“Simplicity” was Mihara Yasuhiro’s watchword for the season. Speaking backstage after the show, the designer said he’d envisioned the concept as an antidote to “this crazy world.
“Simple [is often seen] as basic, but I think simple is strong, impactful,” he said.
For Yasuhiro, that starting point meant taking men’s and women’s wardrobe staples, and twisting details here or amping up proportions there, a process his show notes described as “deformed detailing.”
Down jackets in khaki nylon — crafted with unexpected, genteel lapels — cocooned the body, while a giant silver buckle embellished oversized navy wool coats, or cinched in a woman’s high-waisted, leather wrap skirt. The designer shrank proportions, too, as in a finely tailored suit cut close to the body, with cuffs that looked as if they had been hacked off with scissors, along with skinny, cropped pants.
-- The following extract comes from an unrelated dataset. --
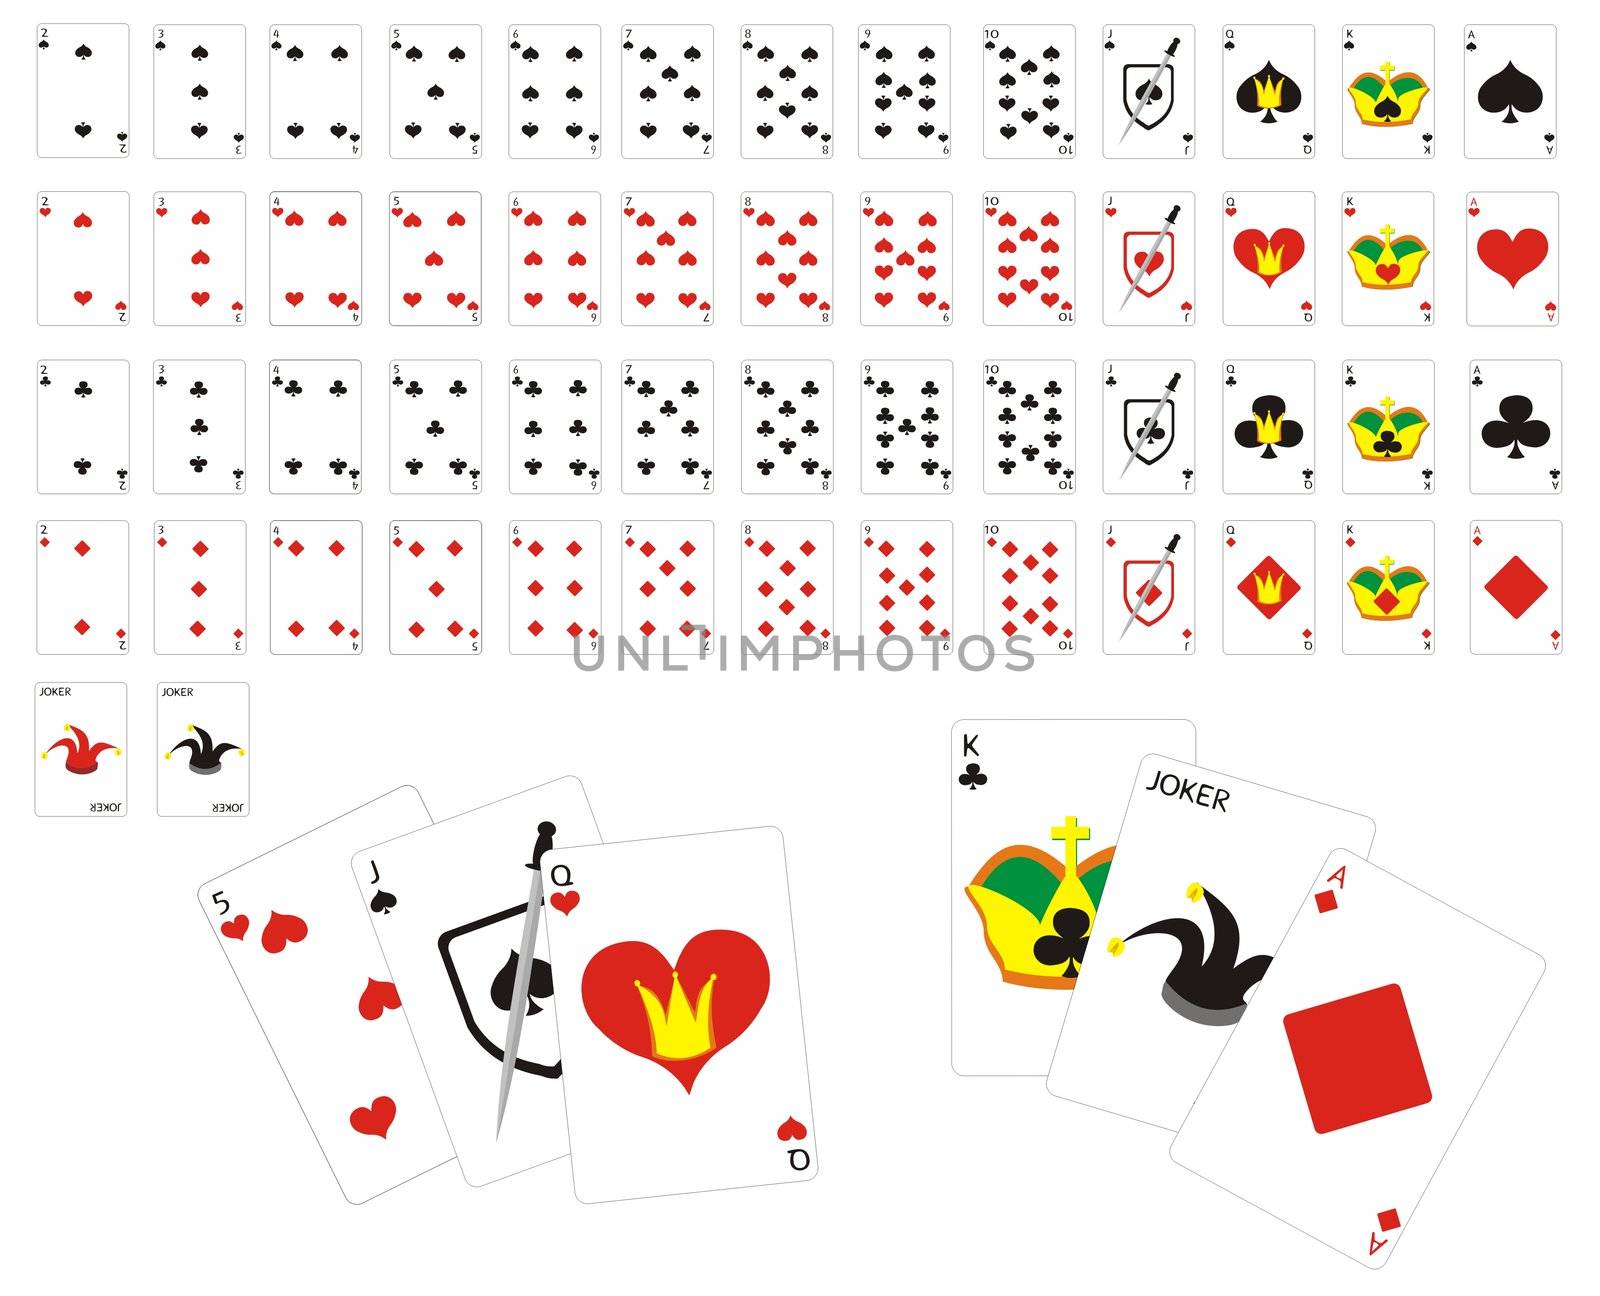 Full deck of playing cards by brigg

Even the shoes had their quirks, as some models wore Converse sneakers with liquidlike bumps along the sole.
There was also a vaguely rebellious, combative air to the collection: the youthful tribe of models wore revolutionary-style berets in felt or fur, while military-esque mesh parkas lent a witty touch with splotches of embroidered faux fur. It all added up to an exercise in restrained, yet intriguing, experimentation.